Today was the first time that, while I was with them, Loopa lay down and closed her eyes, contentedly chewing her cud. It was wonderful, and peaceful. I love both my girls- they are like night and day.

Meghan


----------



## MissMM (Oct 22, 2007)

I'm watching this thread with great interest too..... I've got three new goaties that are 6 mo. old & wilder than your everage feral cat. I've been sitting with them about 20 minutes a day for 3 weeks now. The buck & wether: Stinkybutt & Chance (in a pen where they can hear but not see the other goaties) are coming along OK. They're eating from my hand now, but still very shy if I try to pet them for more than half a second. 

Hope, on the other hand, wants nothing to do with me. She's in a pen by herself (wasn't supposed to be that way, but the other doeling I bought died in transit). She can see the other "older girls" but cannot reach them. She will not approach me at all no matter how long I sit there, nor how many animal crackers I throw her - she loves them but won't touch them if I put the cracker within arms reach. 

I tried putting Hope in with the other girls briefly (they are 2 years old now) and they all ganged up on her - head butting her so hard she fell over. I quickly got her back in the pen by herself, but she still won't let me touch her...... :hair: 

any suggestions?


----------



## Amy Goatress (Oct 2, 2008)

I agree with everyone here, we had a wild doe and now she's practically in our laps wanting pets ( she's 75% Nubian ), her most favorite treat was horse treats though, they loved the peppermint flavored ones though, actually all the goats like the horse treats especially the ones we are trying to tame and the ones that were bottle babies or already sweeties love them, they practically try and eat our fingers or if they know we had them in our coat pockets too.


----------



## Amos (Oct 2, 2008)

"they practically try and eat our fingers or if they know we had them in our coat pockets too."

Lol!
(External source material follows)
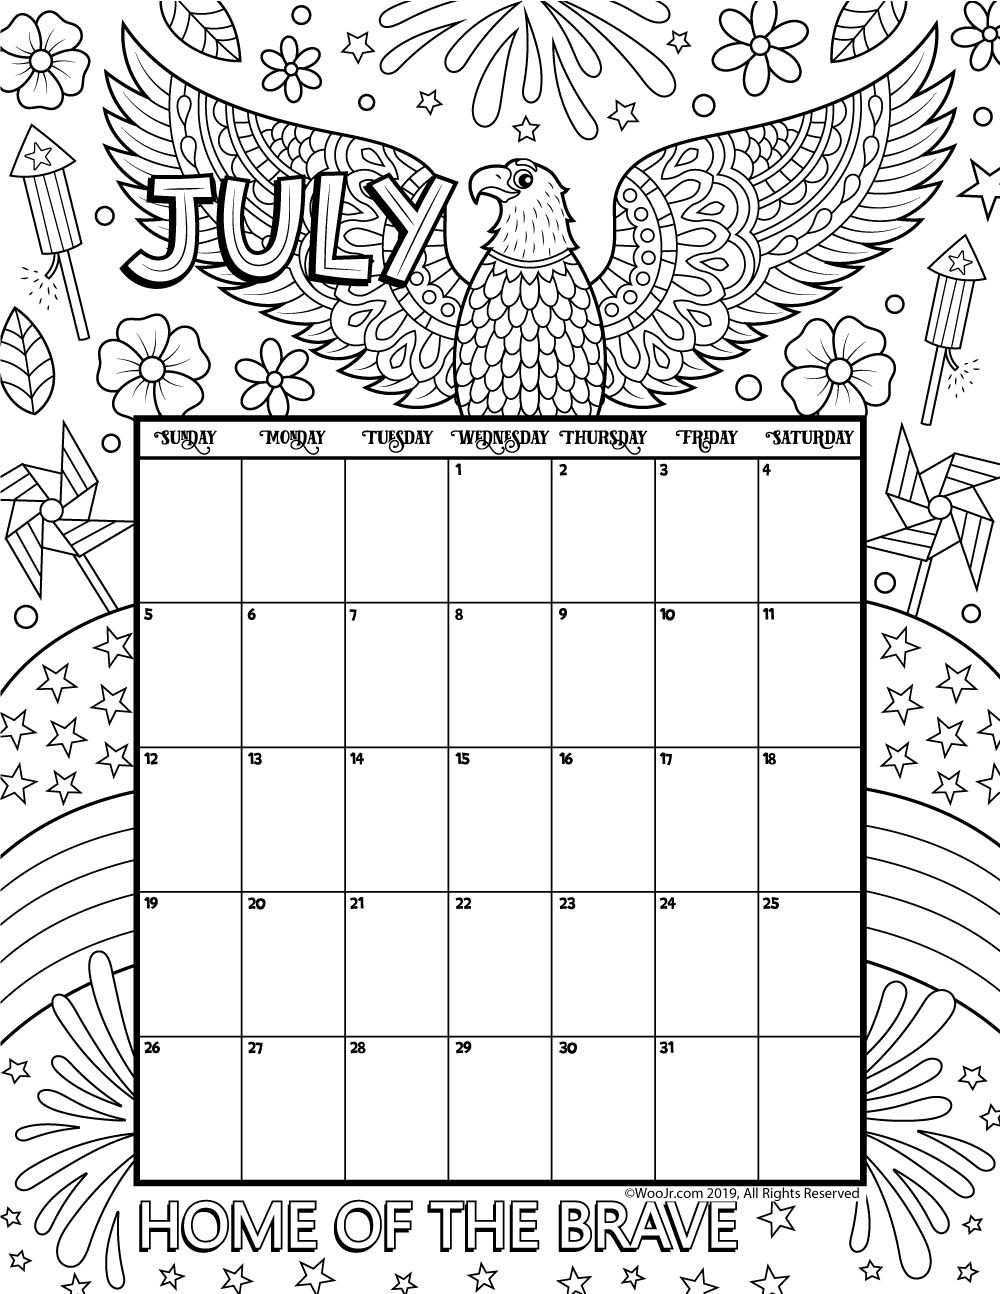 July 2020 Coloring Calendar Coloring calendar, Kids

So do ours, and they love the peppermint horse kind too, we give them some after vacc and hoof trimming. 
But as for our donkey, he would actually eat my fingers thinking they are the snack though.


----------



## sparks879 (Oct 17, 2007)

i have had three un catchable goats, the first was cally she was extremly wild, she had to drag a lunge line around with her for six months. that way i could catch her when i needed to. But for the most part i would catch her and rub her all over and talk to her until she quite cowering then i would let her go. Taking her to a show made a huge difference. she cowered in the back of her pen. By the ed of the three days she was practically climbing out wanting people to pet her. Juju was the same way. Chrome was a little tougher. she comes to me when SHE wants to now. but if i want to catch her she doesnt want anything to do with me. 
Like others have said treats lots of time spent out there. Sing to her or talk to her to get her used to your voice. tell her a stry or how your day was. 
beth


----------